■ **Task details**
Send back every line of the data exactly.

■ **Data shown**
=== Begin Enclosure ===

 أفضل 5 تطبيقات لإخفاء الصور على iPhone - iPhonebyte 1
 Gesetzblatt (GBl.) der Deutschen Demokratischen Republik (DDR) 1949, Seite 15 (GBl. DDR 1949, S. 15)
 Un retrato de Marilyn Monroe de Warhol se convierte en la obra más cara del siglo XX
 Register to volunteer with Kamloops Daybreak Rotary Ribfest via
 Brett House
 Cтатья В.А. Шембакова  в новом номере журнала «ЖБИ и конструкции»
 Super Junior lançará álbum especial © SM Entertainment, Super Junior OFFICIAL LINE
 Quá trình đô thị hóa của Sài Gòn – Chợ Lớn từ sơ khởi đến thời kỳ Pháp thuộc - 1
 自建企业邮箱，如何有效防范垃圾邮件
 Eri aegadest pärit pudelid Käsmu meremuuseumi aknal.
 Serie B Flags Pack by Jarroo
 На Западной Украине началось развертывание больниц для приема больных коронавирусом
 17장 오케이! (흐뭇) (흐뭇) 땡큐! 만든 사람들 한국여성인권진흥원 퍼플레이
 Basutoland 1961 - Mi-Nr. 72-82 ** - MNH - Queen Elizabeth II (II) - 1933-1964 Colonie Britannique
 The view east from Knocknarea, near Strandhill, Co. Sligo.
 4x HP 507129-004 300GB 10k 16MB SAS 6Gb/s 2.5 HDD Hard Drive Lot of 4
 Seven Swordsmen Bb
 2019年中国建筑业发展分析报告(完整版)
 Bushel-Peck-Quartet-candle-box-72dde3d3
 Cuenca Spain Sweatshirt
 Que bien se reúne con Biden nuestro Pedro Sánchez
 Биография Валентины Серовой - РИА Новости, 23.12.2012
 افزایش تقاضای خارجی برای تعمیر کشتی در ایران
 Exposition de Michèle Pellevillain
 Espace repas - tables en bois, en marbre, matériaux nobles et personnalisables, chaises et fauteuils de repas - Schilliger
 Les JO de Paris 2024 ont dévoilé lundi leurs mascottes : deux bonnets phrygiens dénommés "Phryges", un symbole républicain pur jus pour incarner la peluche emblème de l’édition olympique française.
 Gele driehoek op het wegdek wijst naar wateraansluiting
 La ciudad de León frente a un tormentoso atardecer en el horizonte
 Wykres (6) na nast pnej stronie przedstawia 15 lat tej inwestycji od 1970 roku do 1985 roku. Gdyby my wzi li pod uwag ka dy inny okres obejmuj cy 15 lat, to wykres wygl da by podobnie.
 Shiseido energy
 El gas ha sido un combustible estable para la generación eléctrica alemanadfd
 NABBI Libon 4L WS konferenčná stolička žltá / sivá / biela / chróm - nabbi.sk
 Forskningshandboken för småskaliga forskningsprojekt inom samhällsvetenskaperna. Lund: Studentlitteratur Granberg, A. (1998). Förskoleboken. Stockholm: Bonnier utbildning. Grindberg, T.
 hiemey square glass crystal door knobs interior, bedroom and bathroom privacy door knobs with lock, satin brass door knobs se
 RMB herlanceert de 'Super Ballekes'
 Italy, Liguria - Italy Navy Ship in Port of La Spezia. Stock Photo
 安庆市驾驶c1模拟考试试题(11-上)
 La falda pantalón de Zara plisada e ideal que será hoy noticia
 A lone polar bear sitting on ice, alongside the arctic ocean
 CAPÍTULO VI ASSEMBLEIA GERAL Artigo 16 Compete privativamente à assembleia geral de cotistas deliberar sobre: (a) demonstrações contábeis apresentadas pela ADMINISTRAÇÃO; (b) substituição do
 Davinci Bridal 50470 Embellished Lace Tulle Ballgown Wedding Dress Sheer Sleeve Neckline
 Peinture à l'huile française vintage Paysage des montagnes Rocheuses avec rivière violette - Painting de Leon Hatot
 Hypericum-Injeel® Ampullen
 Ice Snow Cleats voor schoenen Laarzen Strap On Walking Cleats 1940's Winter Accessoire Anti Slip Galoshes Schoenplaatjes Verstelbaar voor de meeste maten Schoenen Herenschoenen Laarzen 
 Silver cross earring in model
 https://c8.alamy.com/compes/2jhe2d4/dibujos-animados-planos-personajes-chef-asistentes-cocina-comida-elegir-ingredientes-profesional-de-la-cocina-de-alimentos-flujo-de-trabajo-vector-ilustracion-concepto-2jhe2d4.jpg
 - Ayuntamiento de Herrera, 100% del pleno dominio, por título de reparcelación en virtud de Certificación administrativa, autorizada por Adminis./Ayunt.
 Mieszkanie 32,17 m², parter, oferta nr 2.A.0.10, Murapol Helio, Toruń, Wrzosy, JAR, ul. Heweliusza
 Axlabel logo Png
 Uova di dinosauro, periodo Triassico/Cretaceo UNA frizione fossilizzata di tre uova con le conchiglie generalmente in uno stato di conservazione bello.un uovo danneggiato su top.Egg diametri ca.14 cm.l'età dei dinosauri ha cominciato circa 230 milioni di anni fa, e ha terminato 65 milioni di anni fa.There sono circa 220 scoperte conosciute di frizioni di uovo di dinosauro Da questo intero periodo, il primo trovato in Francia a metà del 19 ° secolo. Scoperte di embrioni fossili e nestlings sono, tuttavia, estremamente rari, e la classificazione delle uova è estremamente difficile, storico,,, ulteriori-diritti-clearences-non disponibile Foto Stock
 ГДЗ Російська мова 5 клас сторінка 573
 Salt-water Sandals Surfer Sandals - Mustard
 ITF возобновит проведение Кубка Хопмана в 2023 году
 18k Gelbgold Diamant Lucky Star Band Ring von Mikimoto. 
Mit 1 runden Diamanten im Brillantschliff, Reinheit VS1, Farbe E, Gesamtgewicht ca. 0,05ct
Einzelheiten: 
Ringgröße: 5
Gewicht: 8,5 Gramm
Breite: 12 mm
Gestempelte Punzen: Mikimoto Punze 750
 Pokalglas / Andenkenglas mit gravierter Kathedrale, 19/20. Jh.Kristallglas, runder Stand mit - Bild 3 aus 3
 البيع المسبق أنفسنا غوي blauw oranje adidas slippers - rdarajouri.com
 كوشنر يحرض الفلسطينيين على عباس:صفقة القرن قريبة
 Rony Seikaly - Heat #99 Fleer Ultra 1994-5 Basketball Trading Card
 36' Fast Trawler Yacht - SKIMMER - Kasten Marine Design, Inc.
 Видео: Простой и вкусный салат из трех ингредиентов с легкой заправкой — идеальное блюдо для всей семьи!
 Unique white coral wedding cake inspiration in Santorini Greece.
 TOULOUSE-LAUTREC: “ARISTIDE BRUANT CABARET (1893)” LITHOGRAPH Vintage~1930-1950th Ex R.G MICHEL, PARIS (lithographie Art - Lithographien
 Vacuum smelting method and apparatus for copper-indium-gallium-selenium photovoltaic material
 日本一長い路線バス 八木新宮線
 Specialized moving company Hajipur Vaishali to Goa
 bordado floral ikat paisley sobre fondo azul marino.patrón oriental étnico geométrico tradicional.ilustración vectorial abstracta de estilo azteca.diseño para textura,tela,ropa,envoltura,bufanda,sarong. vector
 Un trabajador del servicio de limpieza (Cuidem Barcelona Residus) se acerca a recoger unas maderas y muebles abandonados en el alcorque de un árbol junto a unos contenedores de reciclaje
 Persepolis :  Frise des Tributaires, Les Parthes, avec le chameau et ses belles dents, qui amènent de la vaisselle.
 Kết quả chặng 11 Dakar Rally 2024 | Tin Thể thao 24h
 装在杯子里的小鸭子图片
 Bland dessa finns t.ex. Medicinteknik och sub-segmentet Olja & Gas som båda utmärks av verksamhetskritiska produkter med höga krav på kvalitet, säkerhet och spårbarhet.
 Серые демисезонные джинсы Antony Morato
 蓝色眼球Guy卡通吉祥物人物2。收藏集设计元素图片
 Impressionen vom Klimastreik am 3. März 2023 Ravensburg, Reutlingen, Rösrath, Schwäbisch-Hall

=== End Enclosure ===

■ **Answer**
 أفضل 5 تطبيقات لإخفاء الصور على iPhone - iPhonebyte 1
 Gesetzblatt (GBl.) der Deutschen Demokratischen Republik (DDR) 1949, Seite 15 (GBl. DDR 1949, S. 15)
 Un retrato de Marilyn Monroe de Warhol se convierte en la obra más cara del siglo XX
 Register to volunteer with Kamloops Daybreak Rotary Ribfest via
 Brett House
 Cтатья В.А. Шембакова  в новом номере журнала «ЖБИ и конструкции»
 Super Junior lançará álbum especial © SM Entertainment, Super Junior OFFICIAL LINE
 Quá trình đô thị hóa của Sài Gòn – Chợ Lớn từ sơ khởi đến thời kỳ Pháp thuộc - 1
 自建企业邮箱，如何有效防范垃圾邮件
 Eri aegadest pärit pudelid Käsmu meremuuseumi aknal.
 Serie B Flags Pack by Jarroo
 На Западной Украине началось развертывание больниц для приема больных коронавирусом
 17장 오케이! (흐뭇) (흐뭇) 땡큐! 만든 사람들 한국여성인권진흥원 퍼플레이
 Basutoland 1961 - Mi-Nr. 72-82 ** - MNH - Queen Elizabeth II (II) - 1933-1964 Colonie Britannique
 The view east from Knocknarea, near Strandhill, Co. Sligo.
 4x HP 507129-004 300GB 10k 16MB SAS 6Gb/s 2.5 HDD Hard Drive Lot of 4
 Seven Swordsmen Bb
 2019年中国建筑业发展分析报告(完整版)
 Bushel-Peck-Quartet-candle-box-72dde3d3
 Cuenca Spain Sweatshirt
 Que bien se reúne con Biden nuestro Pedro Sánchez
 Биография Валентины Серовой - РИА Новости, 23.12.2012
 افزایش تقاضای خارجی برای تعمیر کشتی در ایران
 Exposition de Michèle Pellevillain
 Espace repas - tables en bois, en marbre, matériaux nobles et personnalisables, chaises et fauteuils de repas - Schilliger
 Les JO de Paris 2024 ont dévoilé lundi leurs mascottes : deux bonnets phrygiens dénommés "Phryges", un symbole républicain pur jus pour incarner la peluche emblème de l’édition olympique française.
 Gele driehoek op het wegdek wijst naar wateraansluiting
 La ciudad de León frente a un tormentoso atardecer en el horizonte
 Wykres (6) na nast pnej stronie przedstawia 15 lat tej inwestycji od 1970 roku do 1985 roku. Gdyby my wzi li pod uwag ka dy inny okres obejmuj cy 15 lat, to wykres wygl da by podobnie.
 Shiseido energy
 El gas ha sido un combustible estable para la generación eléctrica alemanadfd
 NABBI Libon 4L WS konferenčná stolička žltá / sivá / biela / chróm - nabbi.sk
 Forskningshandboken för småskaliga forskningsprojekt inom samhällsvetenskaperna. Lund: Studentlitteratur Granberg, A. (1998). Förskoleboken. Stockholm: Bonnier utbildning. Grindberg, T.
 hiemey square glass crystal door knobs interior, bedroom and bathroom privacy door knobs with lock, satin brass door knobs se
 RMB herlanceert de 'Super Ballekes'
 Italy, Liguria - Italy Navy Ship in Port of La Spezia. Stock Photo
 安庆市驾驶c1模拟考试试题(11-上)
 La falda pantalón de Zara plisada e ideal que será hoy noticia
 A lone polar bear sitting on ice, alongside the arctic ocean
 CAPÍTULO VI ASSEMBLEIA GERAL Artigo 16 Compete privativamente à assembleia geral de cotistas deliberar sobre: (a) demonstrações contábeis apresentadas pela ADMINISTRAÇÃO; (b) substituição do
 Davinci Bridal 50470 Embellished Lace Tulle Ballgown Wedding Dress Sheer Sleeve Neckline
 Peinture à l'huile française vintage Paysage des montagnes Rocheuses avec rivière violette - Painting de Leon Hatot
 Hypericum-Injeel® Ampullen
 Ice Snow Cleats voor schoenen Laarzen Strap On Walking Cleats 1940's Winter Accessoire Anti Slip Galoshes Schoenplaatjes Verstelbaar voor de meeste maten Schoenen Herenschoenen Laarzen 
 Silver cross earring in model
 https://c8.alamy.com/compes/2jhe2d4/dibujos-animados-planos-personajes-chef-asistentes-cocina-comida-elegir-ingredientes-profesional-de-la-cocina-de-alimentos-flujo-de-trabajo-vector-ilustracion-concepto-2jhe2d4.jpg
 - Ayuntamiento de Herrera, 100% del pleno dominio, por título de reparcelación en virtud de Certificación administrativa, autorizada por Adminis./Ayunt.
 Mieszkanie 32,17 m², parter, oferta nr 2.A.0.10, Murapol Helio, Toruń, Wrzosy, JAR, ul. Heweliusza
 Axlabel logo Png
 Uova di dinosauro, periodo Triassico/Cretaceo UNA frizione fossilizzata di tre uova con le conchiglie generalmente in uno stato di conservazione bello.un uovo danneggiato su top.Egg diametri ca.14 cm.l'età dei dinosauri ha cominciato circa 230 milioni di anni fa, e ha terminato 65 milioni di anni fa.There sono circa 220 scoperte conosciute di frizioni di uovo di dinosauro Da questo intero periodo, il primo trovato in Francia a metà del 19 ° secolo. Scoperte di embrioni fossili e nestlings sono, tuttavia, estremamente rari, e la classificazione delle uova è estremamente difficile, storico,,, ulteriori-diritti-clearences-non disponibile Foto Stock
 ГДЗ Російська мова 5 клас сторінка 573
 Salt-water Sandals Surfer Sandals - Mustard
 ITF возобновит проведение Кубка Хопмана в 2023 году
 18k Gelbgold Diamant Lucky Star Band Ring von Mikimoto. 
Mit 1 runden Diamanten im Brillantschliff, Reinheit VS1, Farbe E, Gesamtgewicht ca. 0,05ct
Einzelheiten: 
Ringgröße: 5
Gewicht: 8,5 Gramm
Breite: 12 mm
Gestempelte Punzen: Mikimoto Punze 750
 Pokalglas / Andenkenglas mit gravierter Kathedrale, 19/20. Jh.Kristallglas, runder Stand mit - Bild 3 aus 3
 البيع المسبق أنفسنا غوي blauw oranje adidas slippers - rdarajouri.com
 كوشنر يحرض الفلسطينيين على عباس:صفقة القرن قريبة
 Rony Seikaly - Heat #99 Fleer Ultra 1994-5 Basketball Trading Card
 36' Fast Trawler Yacht - SKIMMER - Kasten Marine Design, Inc.
 Видео: Простой и вкусный салат из трех ингредиентов с легкой заправкой — идеальное блюдо для всей семьи!
 Unique white coral wedding cake inspiration in Santorini Greece.
 TOULOUSE-LAUTREC: “ARISTIDE BRUANT CABARET (1893)” LITHOGRAPH Vintage~1930-1950th Ex R.G MICHEL, PARIS (lithographie Art - Lithographien
 Vacuum smelting method and apparatus for copper-indium-gallium-selenium photovoltaic material
 日本一長い路線バス 八木新宮線
 Specialized moving company Hajipur Vaishali to Goa
 bordado floral ikat paisley sobre fondo azul marino.patrón oriental étnico geométrico tradicional.ilustración vectorial abstracta de estilo azteca.diseño para textura,tela,ropa,envoltura,bufanda,sarong. vector
 Un trabajador del servicio de limpieza (Cuidem Barcelona Residus) se acerca a recoger unas maderas y muebles abandonados en el alcorque de un árbol junto a unos contenedores de reciclaje
 Persepolis :  Frise des Tributaires, Les Parthes, avec le chameau et ses belles dents, qui amènent de la vaisselle.
 Kết quả chặng 11 Dakar Rally 2024 | Tin Thể thao 24h
 装在杯子里的小鸭子图片
 Bland dessa finns t.ex. Medicinteknik och sub-segmentet Olja & Gas som båda utmärks av verksamhetskritiska produkter med höga krav på kvalitet, säkerhet och spårbarhet.
 Серые демисезонные джинсы Antony Morato
 蓝色眼球Guy卡通吉祥物人物2。收藏集设计元素图片
 Impressionen vom Klimastreik am 3. März 2023 Ravensburg, Reutlingen, Rösrath, Schwäbisch-Hall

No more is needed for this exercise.